Strathclyde Regional Council election

Elections to Strathclyde Regional Council were held on Tuesday 7 May 1974, on the same day as the eight other Scottish regional elections. This was the first election to the regional council following the implementation of the Local Government (Scotland) Act 1973.

The election used the 103 electoral divisions created by the Formation Electoral Arrangements in 1974. Each electoral division elected one councillor using first-past-the-post voting.
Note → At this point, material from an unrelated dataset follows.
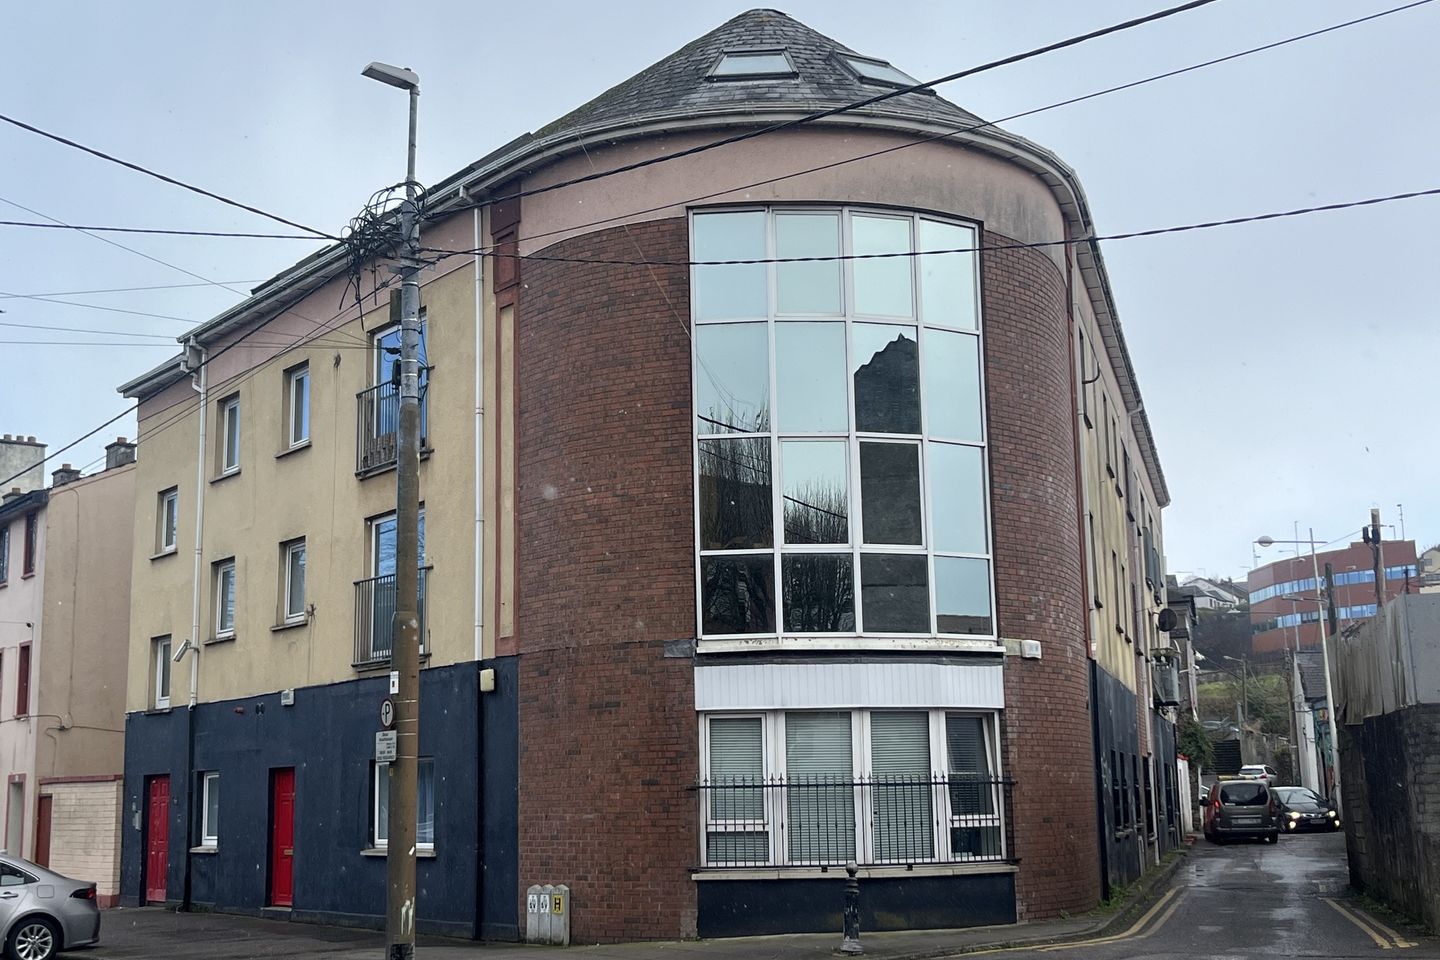 Apartment 12, Berwick House, Great William O'Brien Street, Cork City, Co. Cork, T23FP27

Labour took control of the regional council after winning a large majority of the seats. The party won 71 of the 103 seats and took 44% of the popular vote. The Conservatives were the second-largest party after winning 20 seats. The Scottish National Party (SNP) came third in the popular vote and took five seats. The Liberal Party took two seats while the other five were won by independent candidates.

==Background==
Prior to reform, local government in Scotland was made up of a system of counties and burghs. County councils controlled most of the local government functions across the country while the burghs had limited powers over smaller geographical areas. Small burghs had some control over planning as well as local taxation, building control, housing, lighting and drainage while large burghs also had further powers over the police, public health, social services, registration of births, marriages and deaths and electoral registration.

Following the recommendations in the Wheatly Report, the old system of counties and burghs – which had resulted in a mishmash of local government areas in which some small burghs had larger populations but far fewer responsibilities than some large burghs and even counties – was to be replaced by a new system of regional and district councils.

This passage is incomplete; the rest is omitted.